Gone are the multiple mind-numbing twists of the
Bourne
series, the
questionable ethical imperatives of
The Dark Knight, and the
quirky humor of the
Transporter
films; this is a raw, bare, bone-crushing tale of bad guys doing
very bad things and the one everyman hero somehow impervious to both
immorality and flying bullets (but still dashing in a suit even after
having been shot several times) who imposes his violent revenge on the
bad guys at the cost of exploding buildings, destroyed boats, and a poor
Albanian translator who simply does not understand why he is there in
the first place.
The episodic story seems recycled from a rehashed
24 episode, but a movie like
this does not require originality: Liam Neeson plays Bryan Mills, an
ex-government operative who spends his newfound retirement time trying
to reconnect with his teenaged daughter, Kim, even as his bitter ex-wife
looks on in disgust.
When
Kim announces plans to travel to Paris – where she will be accompanied only by her friends –
Bryan acts as the lone skeptical voice of reason.

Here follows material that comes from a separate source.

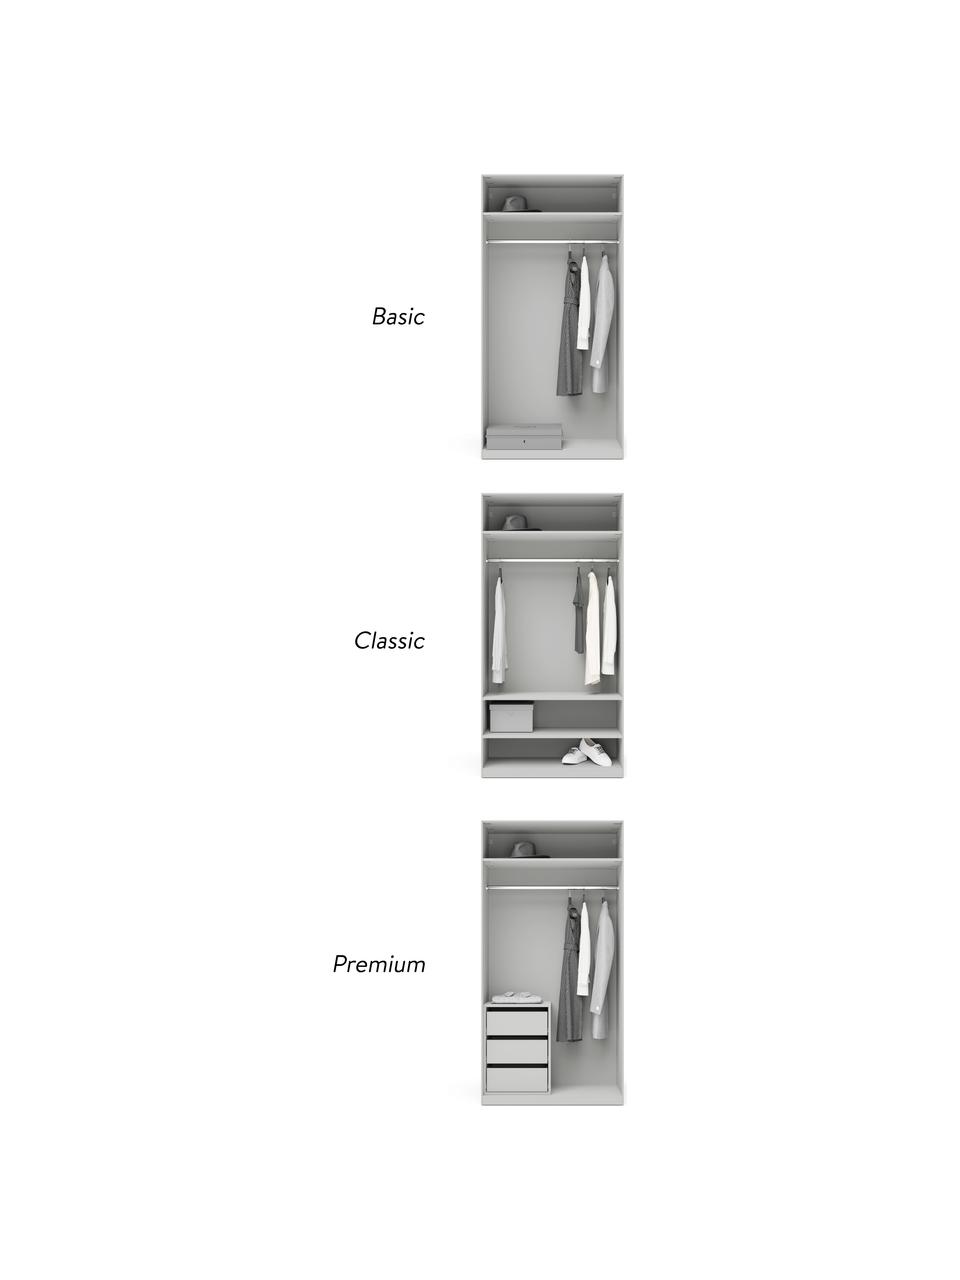 Modulární skříň s otočnými dveřmi Charlotte, šířka 100 cm, více variant, Šedá, Interiér Basic, Š 100 x V 200 cm

“I don't think a seventeen-year-old should be traveling alone,”
he tells his daughter, but to no avail: soon, he is dropping her off at
the airport and, like other embarrassing parents, signing with his hands
to call him as soon as she arrives.
But of course Bryan proves correct in his initial
reticence, and Kim and her friend are quickly kidnapped by a group of
Albanian hoods who sell them into a sex slave operation.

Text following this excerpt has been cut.